The Morality of Biofuels

When the cropland to power an SUV can feed a person for a year, attempts to wean America off of oil through biofuels raises some serious moral questions.

2 minute read

March 5, 2007, 1:32 PM PST

By Michael Dudley


"Last September, Lester Brown, the president of the Earth Policy Institute wrote in a Washington Post opinion piece that the amount of grain needed to make enough ethanol to fill a 25-gallon SUV tank 'would feed one person for a full year. If the United States converted its entire grain harvest into ethanol, it would satisfy less than 16 percent of its automotive needs.' Brown said the ongoing ethanol boom in the U.S. was 'setting the stage for an epic competition. In a narrow sense, it is one between the world's supermarkets and its service stations.' More broadly, 'it is a battle between the world's 800 million automobile owners, who want to maintain their mobility, and the world's two billion poorest people, who simply want to survive.'

Using food to make fuel bothers many analysts, and whether their affiliation is liberal or conservative doesn't seem to matter. Dennis Avery, director of global food issues at the Hudson Institute, a conservative think-tank in Washington, D.C., has concerns that are remarkably similar to Brown's. A few days after Brown's piece appeared in the Post, Avery published a paper showing that ethanol simply cannot provide enough motor fuel to make a significant difference in America's fuel consumption.

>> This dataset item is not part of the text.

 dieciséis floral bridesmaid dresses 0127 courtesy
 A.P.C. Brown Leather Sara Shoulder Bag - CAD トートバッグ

And like Brown, he laid bare the essential question: food or fuel?

Avery says that even if the U.S. adopted biofuels as the antidote for imported crude oil, 'It would take more than 546 million acres of U.S. farmland to replace all of our current gasoline use with corn ethanol.'

That's a huge area, especially considering that the total amount of American cropland covers about 440 million acres."